In Hunt & Hunt v Mitchell Morgan Nominees the High Court went a long way towards clarifying when a claim is ‘apportionable’ under the apportionment legislation which is typical throughout Australia. The test is whether the loss arises from a failure to take reasonable care.

That case was about solicitors who prepared security documents for a lender which advanced money, secured by real estate, to people who turned out to be fraudsters. The security documentation was deficient and so the security could not be enforced against the real estate. That was a loss arising from a failure to take reasonable care. The solicitors were liable, but the High Court agreed that the claim was apportionable against the fraudsters who were ‘concurrent wrongdoers’ because, in terms of the legislation, they had also caused the loss. The loss was the lender’s inability to recover the amount of the loan.

In a recent NSW Court of Appeal case, a woman successfully sued her husband’s solicitors who had acted in the sale of the jointly-owned marital home following the breakdown of the marriage. The solicitors had paid all of the proceeds of sale to the husband, whereas some belonged to the wife, and the husband had refused to hand over her share.
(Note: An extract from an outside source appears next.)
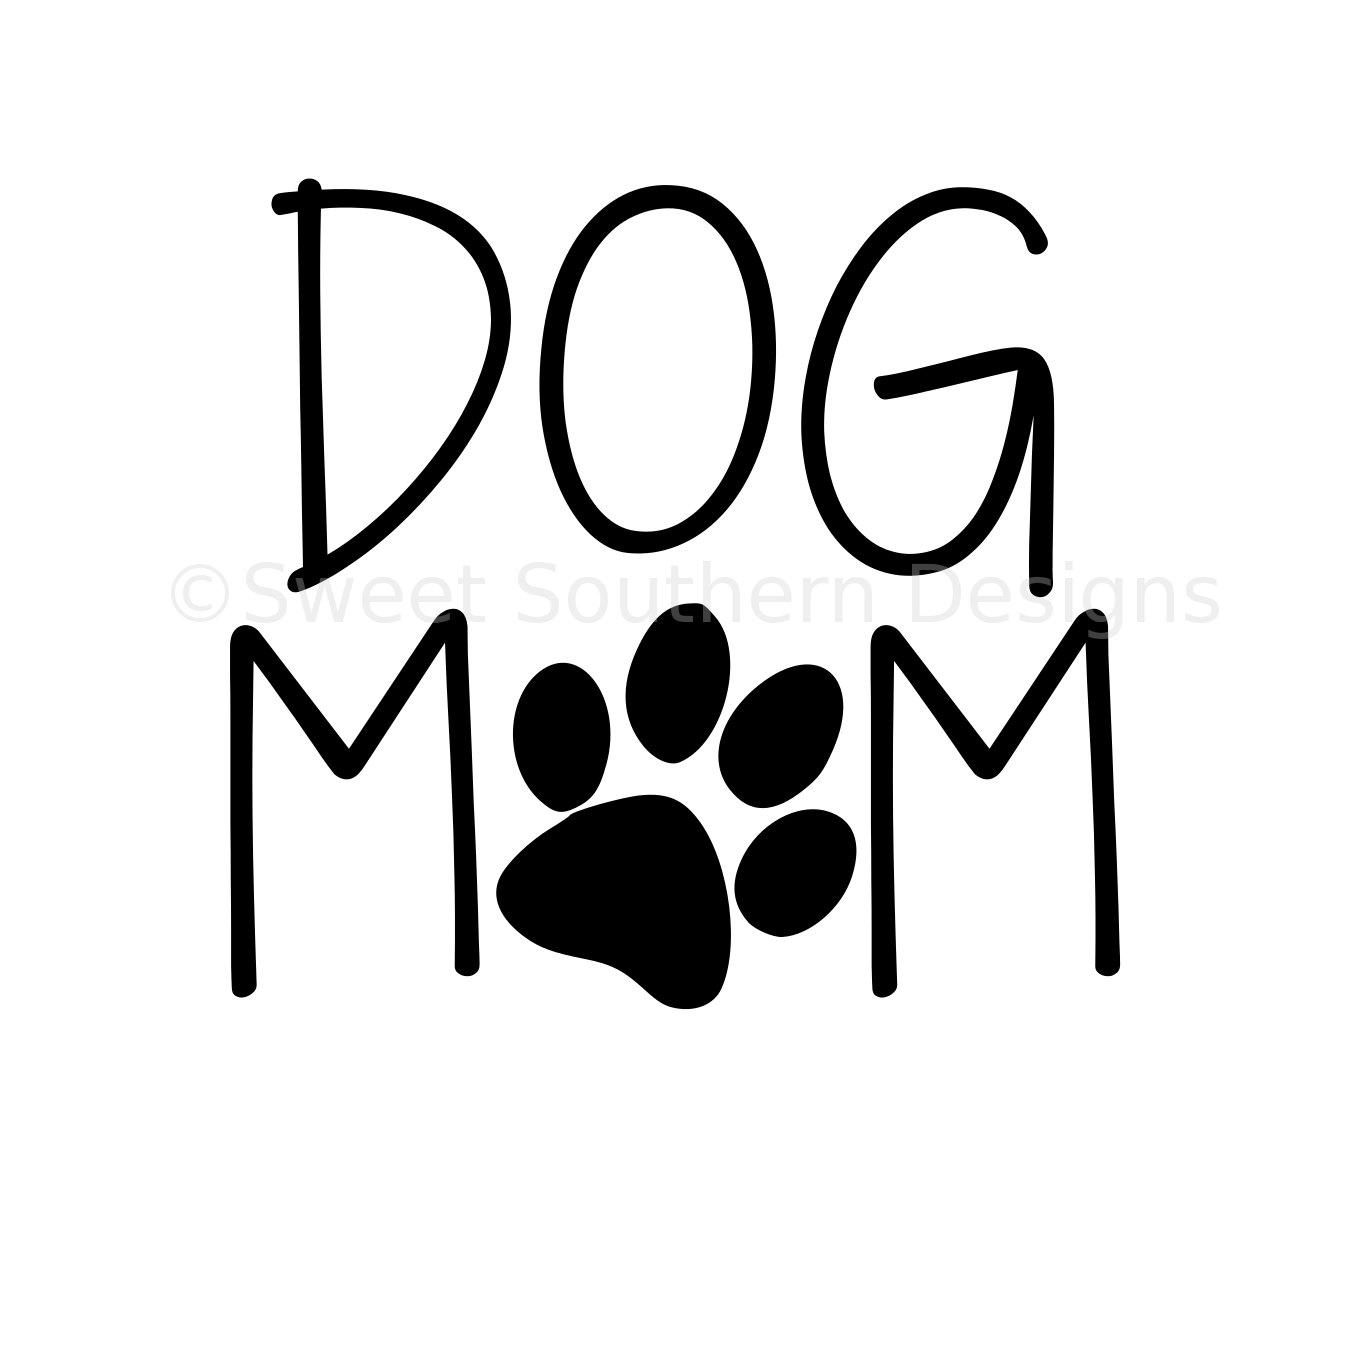 Dog Mom Silhouette.

The Court decided that the claim against the solicitors was not apportionable against the husband because:

  • the loss caused by the solicitors (loss of the entitlement which the wife had to the proceeds of sale as a joint owner of the property) was different to the husband’s failure to pay the wife in accordance with an order made in the Family Court. So the husband had not caused the same loss, which is a prerequisite for apportionment;
  • in any case, the husband had not ‘caused’ the solicitors to fail in their duty to the wife;
  • the husband owed no duty of care to his wife and so had no liability to her for damages. It is inherent in the notion of ‘concurrent wrongdoer’ that the plaintiff has, or had, a good ‑ albeit not necessarily recoverable ‑ cause of action sounding in damages against the alleged concurrent wrongdoer.

In our view the first ground arguably conflicts with the High Court decision. The High Court found that, in effect, the loss was loss of the money, however described.

The third point is an interesting gloss on the apportionment legislation, but appears to be consistent with previous decisions.

Trajkovski v Simpson.

Two aspects of the apportionment legislation ‑ arising from a failure to take reasonable care and caused the damage or loss that is the subject of the claim ‑ continue to be explored on a case-by-case basis.